Read the episode four blog here.

“A professional liar”. For all the subtext it contains, Quinn’s description of Carrie in About a Boy is less an insult than a statement of fact: ultimately the success or failure of her undercover operations depend on how easily she can slip between sincerity and subterfuge. It’s how she acquires assets and information. It’s how she gets results. The difficulty comes when those lines between the personal and professional become muddied, when those lies that Carrie routinely tells become bundled up with deeper truths. It’s something we witness in this week’s episode, and it isn’t pretty.

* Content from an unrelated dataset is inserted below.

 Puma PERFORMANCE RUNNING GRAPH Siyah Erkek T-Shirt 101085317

The bulk of About a Boy takes place in the safe house, with Carrie trying to gain the confidence of Aayan, who still seems wary of her despite their tryst. If Carrie’s coercion techniques last week were purely sexual, this week she tries to get him to talk by displaying her own emotional vulnerability. It’s one of the oldest ploys around, but it takes a true sociopath to pull it off without revealing something genuine of themselves in the process. Carrie, for all her faults, isn’t quite in that territory, so instead we get an uneasy mixture of truth and lies: she has a child, her “journalist” partner died on an assignment that she gave him, and she wishes she could have married him.

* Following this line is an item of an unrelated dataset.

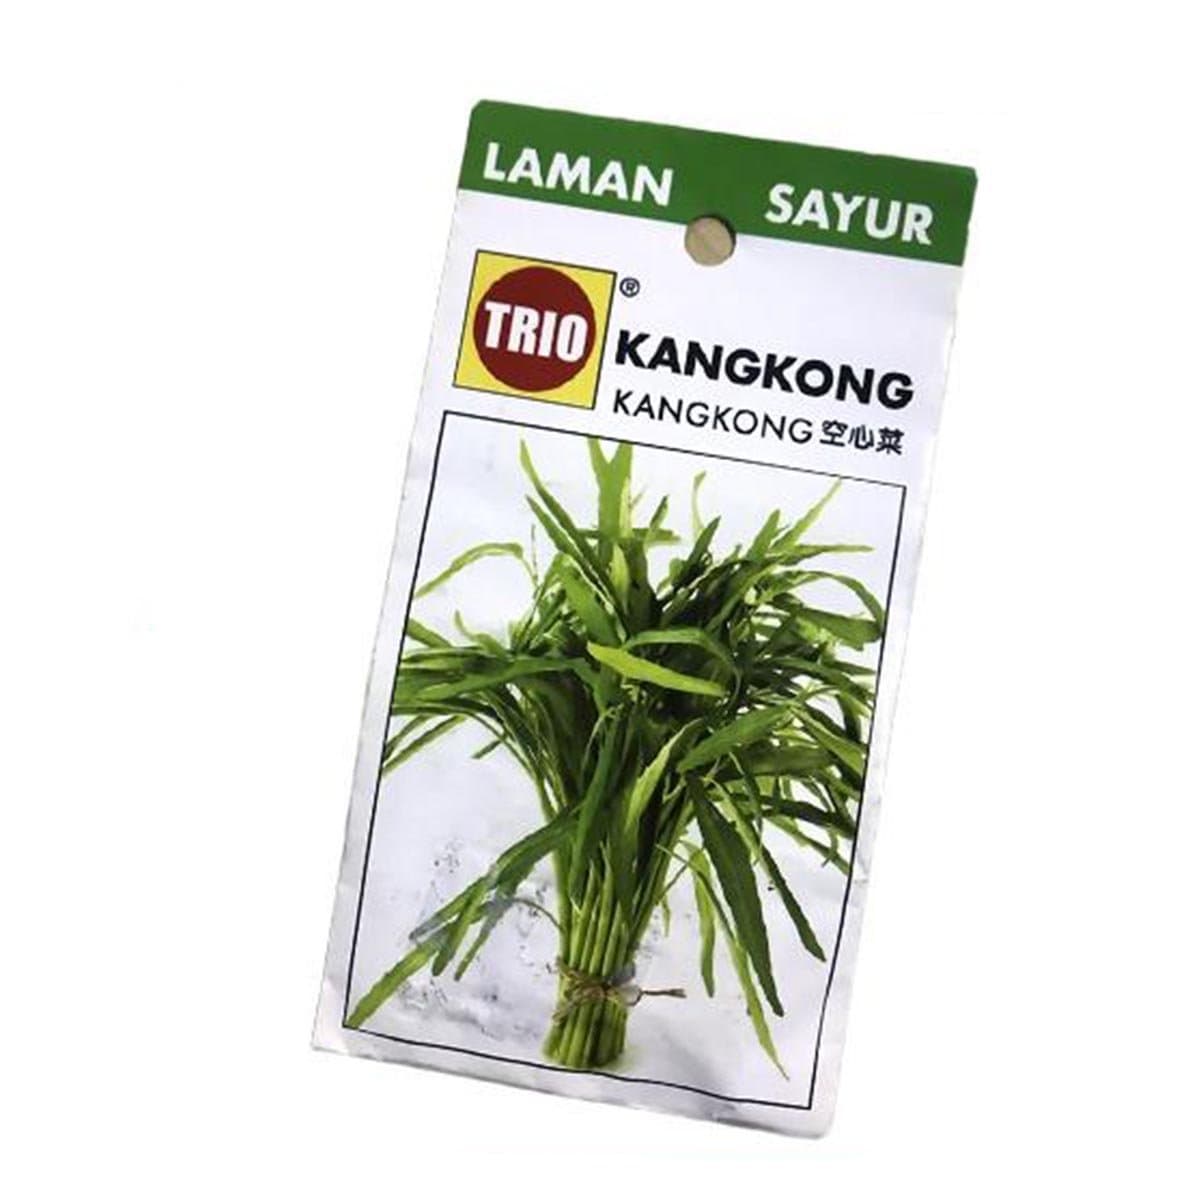 Trio Kangkong Vegetable Seeds Benih Sayur

It works. “I can’t lie to you any more,” says Aayan who finally admits to her at the episode’s end that, yes, his uncle, the terrorist Haaqani, is still alive. But at what cost has Carrie obtained that information? Aside from the thorny ethical issues of what Quinn describes as “fucking a child” (steady on Quinn, he’s not that young), there’s the emotional toll of this act of deep cover. Carrie has so far this season been unaffected, eerily so, by the goings-on around her, but here we finally glimpse the inner punishment she’s been taking, most notably when she bursts into tears while having sex with Aayan. It’s reassuring to see her display something other than the blank “Drone Queen” callousness of recent weeks, though you do wonder how long she can maintain this delicate emotional equilibrium, given what we know of her.

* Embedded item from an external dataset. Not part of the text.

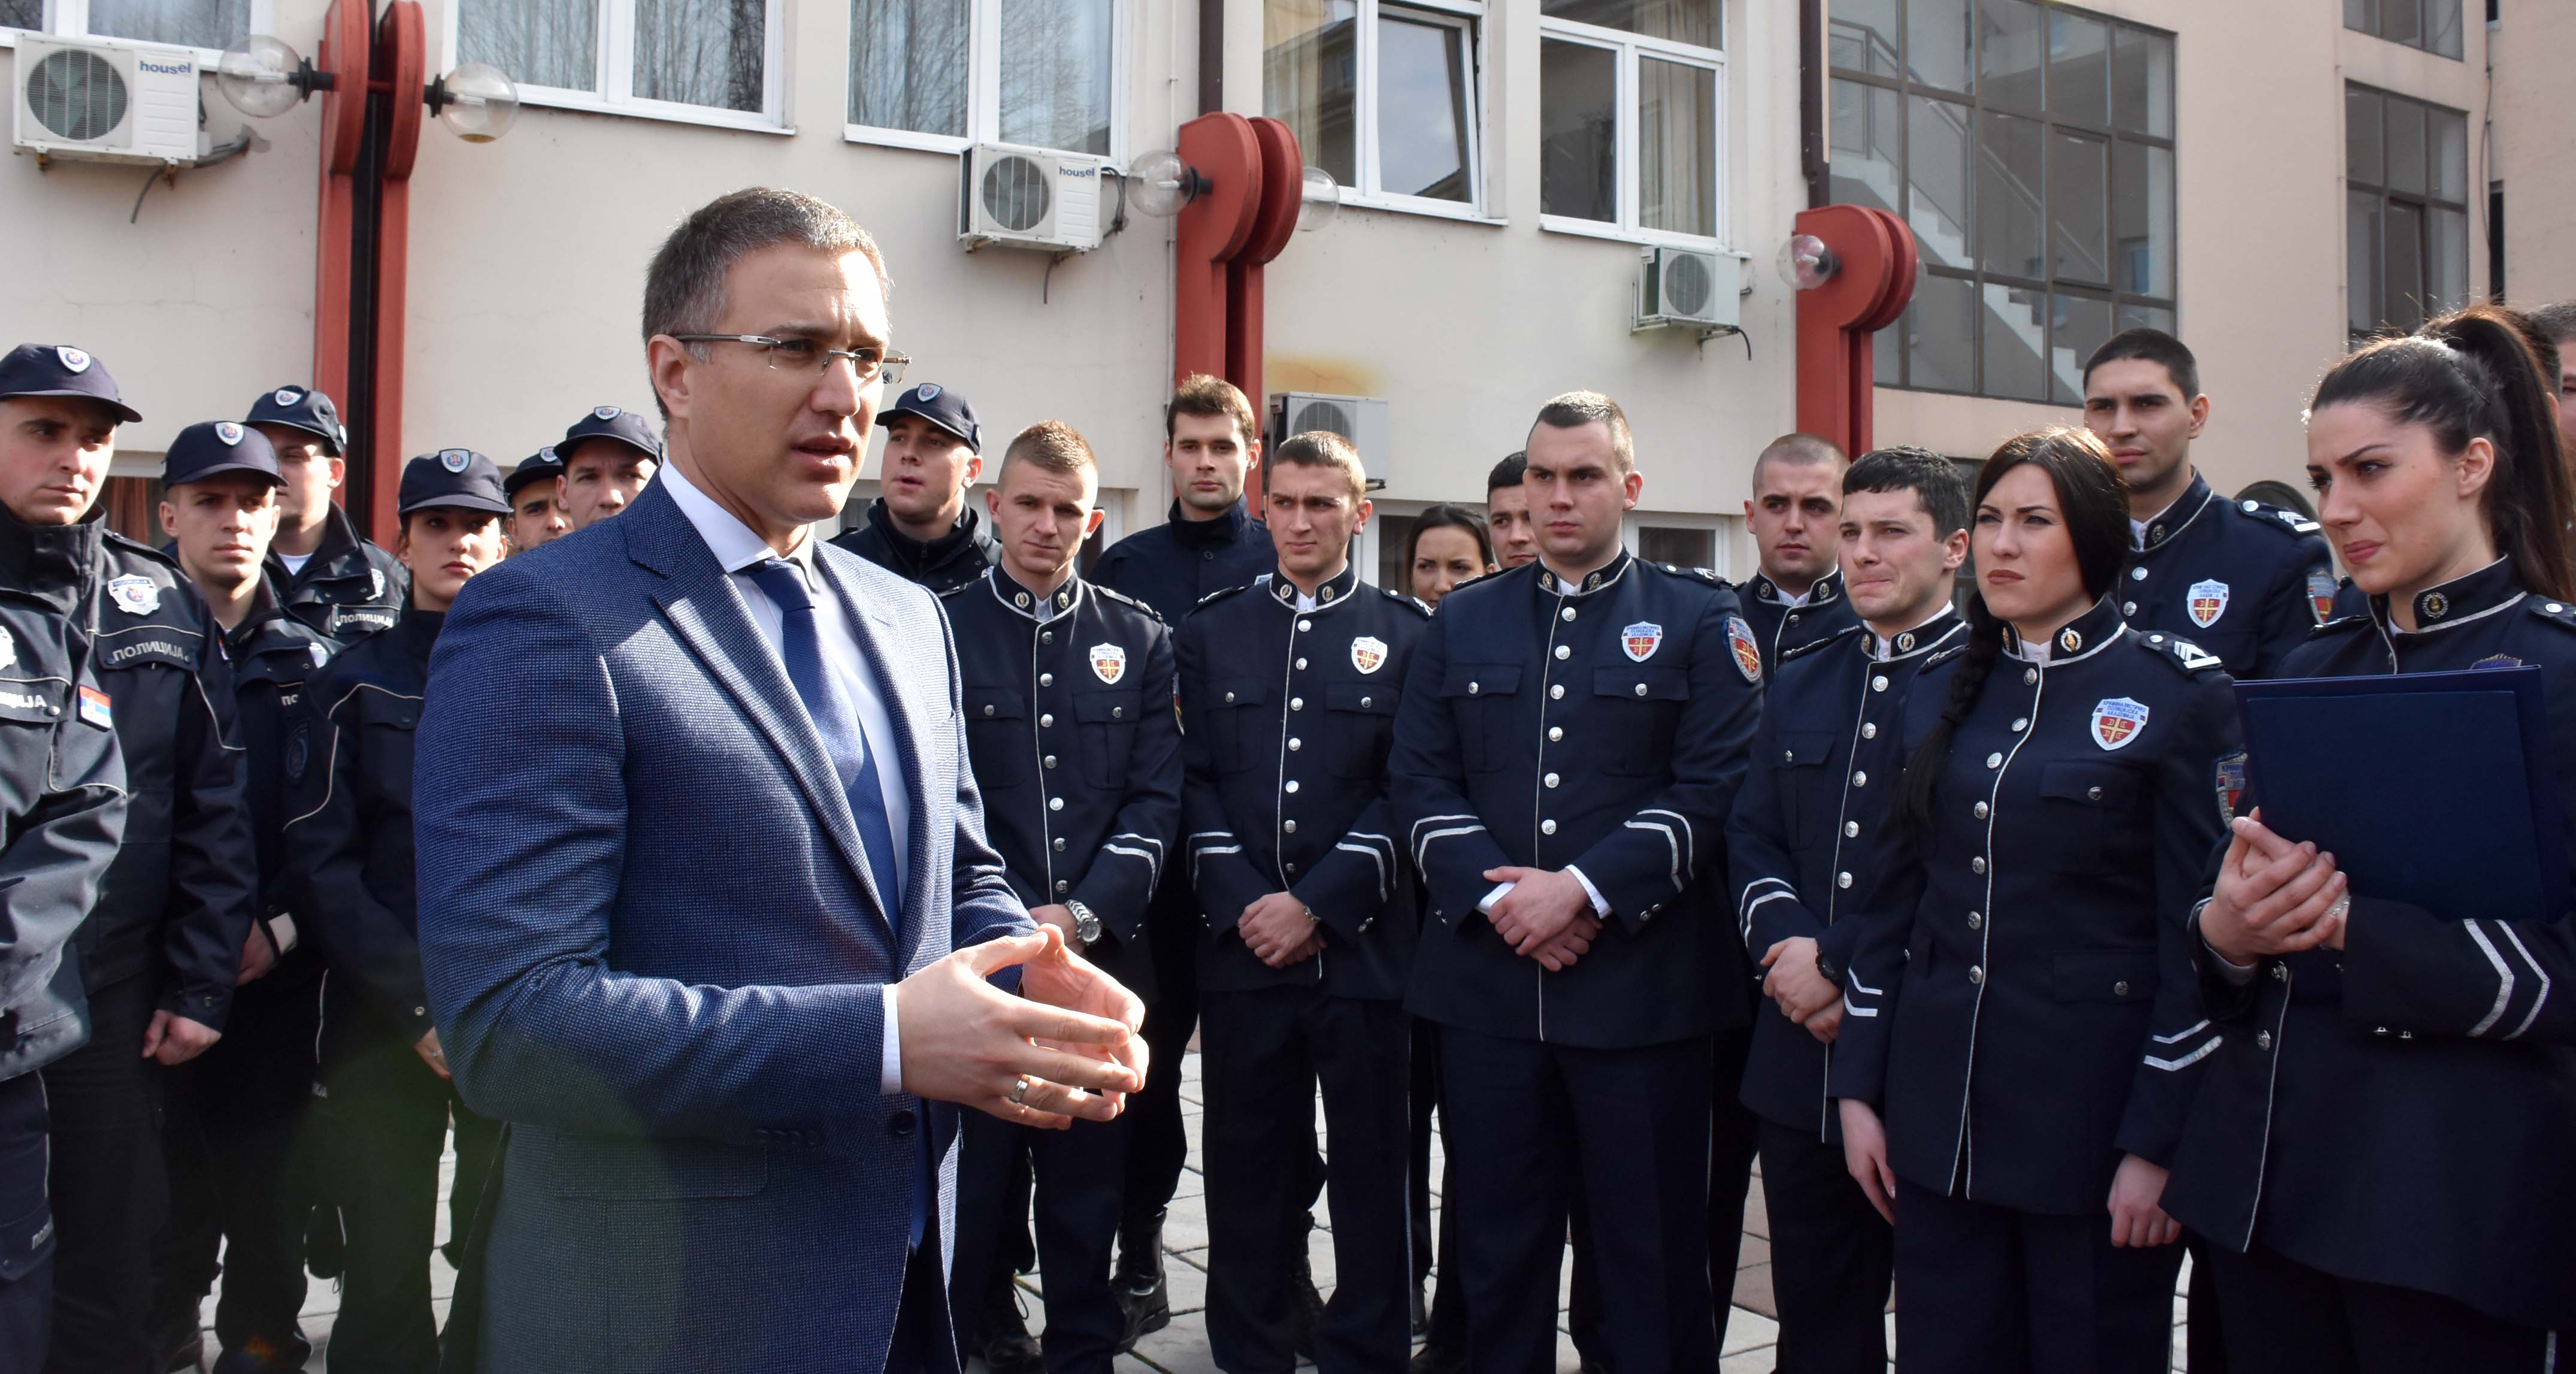 Стефановић: У 2017. години запослили смо скоро 400 дипломаца Криминалистичко-полицијске академије

Aayan and Carrie’s slow, character-driven scenes balanced out nicely with the faster-paced spy game stuff going on elsewhere, most notably the storyline involving Saul. Admittedly his discovery of Ghazi the runaway thug at the airport felt like a way of keeping Mandy Patinkin around a while longer, and Saul’s willingness to believe that Ghazi appearing in the check-in queue just as he did was simply a happy coincidence was hugely unbelievable, given what we know about the man. But the whole thing was tense enough to negate those plot contrivances, and Saul’s kidnapping by the ISI sets things up nicely going forward.

Meanwhile Quinn and Fara are staking out the cleric seen with Haqqani last week, taking the occasional snap of him while having terse conversations about what it takes to be an agent. I enjoy watching the pairing of Quinn, world-weary and conflicted about Carrie’s behaviour, and Fara, still extremely green in this whole spying business and who vaguely idolises Carrie. Fara, for all her enthusiasm, doesn’t quite have the pluck needed to place a tracking device on the cleric’s car at a crucial moment, and a crucial lead in the mission to get to the bottom of the link between Haqqani and the ISI is lost.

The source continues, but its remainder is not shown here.